4 cups vegetable broth

1 Tbsp chili powder

2 tsp cumin

1 tsp dried oregano

Salt and pepper to taste

Directions

Heat the oil in a large saucepan. Add the carrot, celery, onion, jalapeno and garlic and sauté on medium heat until the onion softens about 5 minutes. Add the diced pepper and sauté a few more minutes. Add all the other ingredients and stir to combine. Bring to a boil, then reduce to a simmer and simmer for about 30 minutes. Taste and add salt and pepper as needed.

This soup will keep covered in the fridge for about 3-4 days and freezes well. It will last for 3 months in the freezer, but even better share with neighbours and friends.

Squash and coconut soup – spicy, exotic and velvety

CoconutSquashSoup

I receive a weekly produce box from a local farmers’ co-op.
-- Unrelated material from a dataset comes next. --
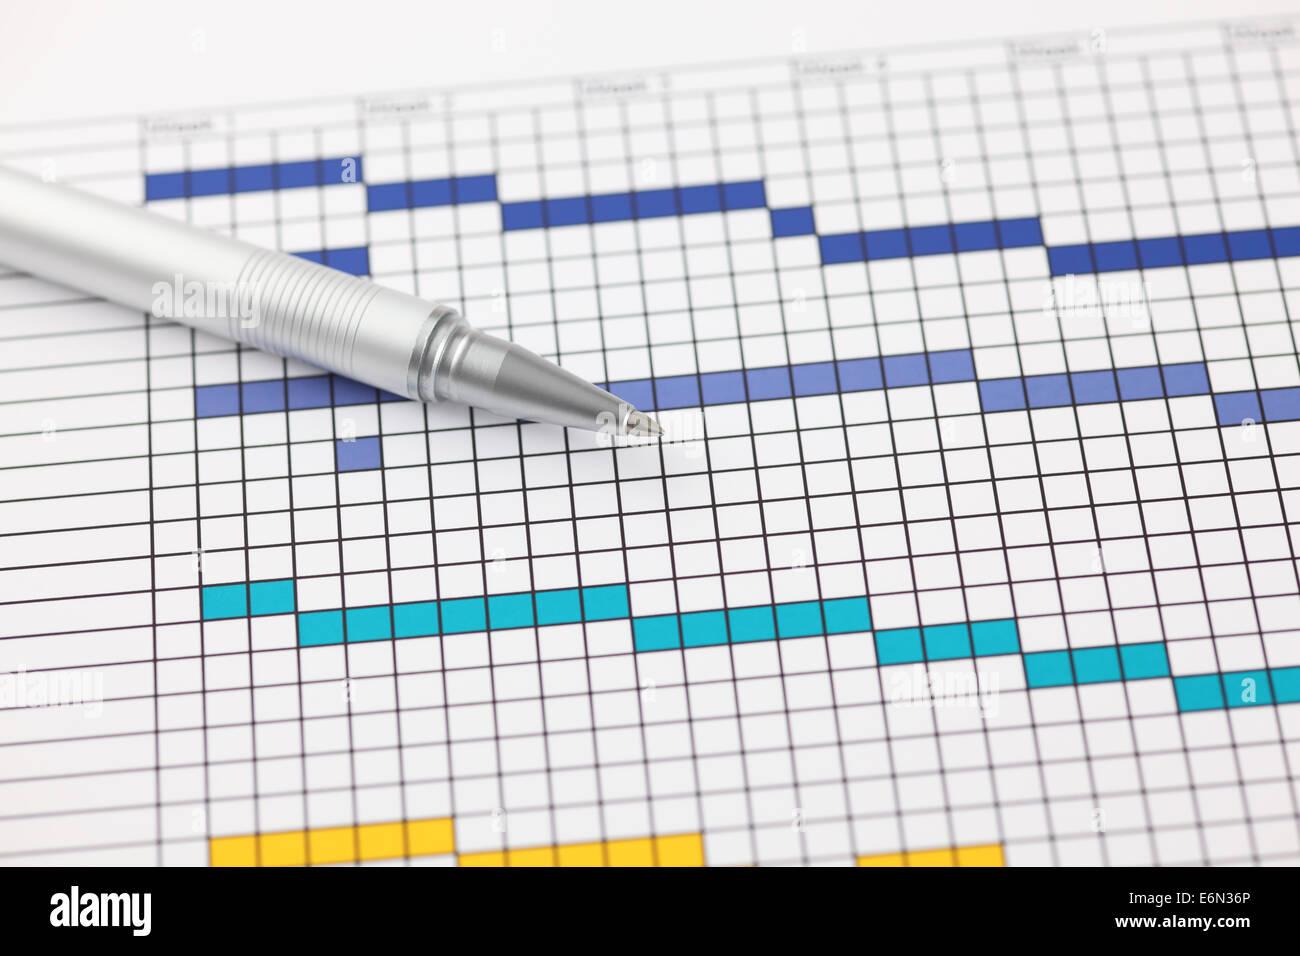 Gantt Chart Stock Photos Gantt Chart Stock Images Alamy

Every week is a surprise; we get whatever is in season and ready for harvest. As the season passes from June to November, we move from strawberries and rhubarb and endless lettuce to cabbages, apples, potatoes and squashes. And squashes. And squashes.

So, I made up a huge pot of this soup to share with my neighbours and to enjoy myself. The soup is flavourful and with a touch of heat from chilis. The coconut milk makes it velvety and creamy. I think this is the best soup I’ve ever made.

Ingredients

4 cups of uncooked yellow-fleshed squash – butternut, delicata, spaghetti, buttercup – whatever you have or prefer.

2 cups of peeled, diced sweet potato and carrots. I used 1 medium sweet potato and 2 carrots.

1 large white onion diced

2 cloves garlic minced

1 red chili pepper – minced but don’t remove the seeds; they provide nice heat

1 teaspoon ground ginger

1 teaspoon curry powder

½ teaspoon cumin

½ teaspoon ground black pepper

Salt to taste

1 Tbsp maple syrup

1 can coconut milk (approximate 500 ml or 2 cups – it’s okay if it’s a bit more or less)

6 cups of vegetable broth

1 Tbsp olive oil or coconut oil

Directions

TIP: True to their name, delicata squash are delicate and don’t travel well so you probably won’t find them in a large grocery store. However, they are a wonderful, mild, thin-skinned squash that you can cook simply by removing the seeds – no peeling required.

To easily remove the flesh of other, firmer squashes, pierce the whole squash a few times with a knife (this allows steam to escape) and microwave the vegetable for 4 – 6 minutes. That should be enough to soften the squash and make it easy to cut open, deseed, peel and dice.

Sauté the onion, garlic and chili in the oil until just soft. Add the curry powder, ginger and cumin and stir through to heat the spices. Add the ground black pepper, broth, squash, carrot and sweet potato and bring to a boil, then reduce to a simmer and simmer for 30 minutes. You want all the vegetables soft enough that they will be blend-able. Remove from heat and let cool slightly.

Using an immersion blender or a regular blender, puree the vegetables and broth.

Once you have a smooth mixture, stir in the maple syrup and taste. Add salt if necessary. Add the coconut milk and stir.

Get a BIG bowl and a BIG spoon and enjoy!

This recipe makes about 9 cups of soup. Mmmm.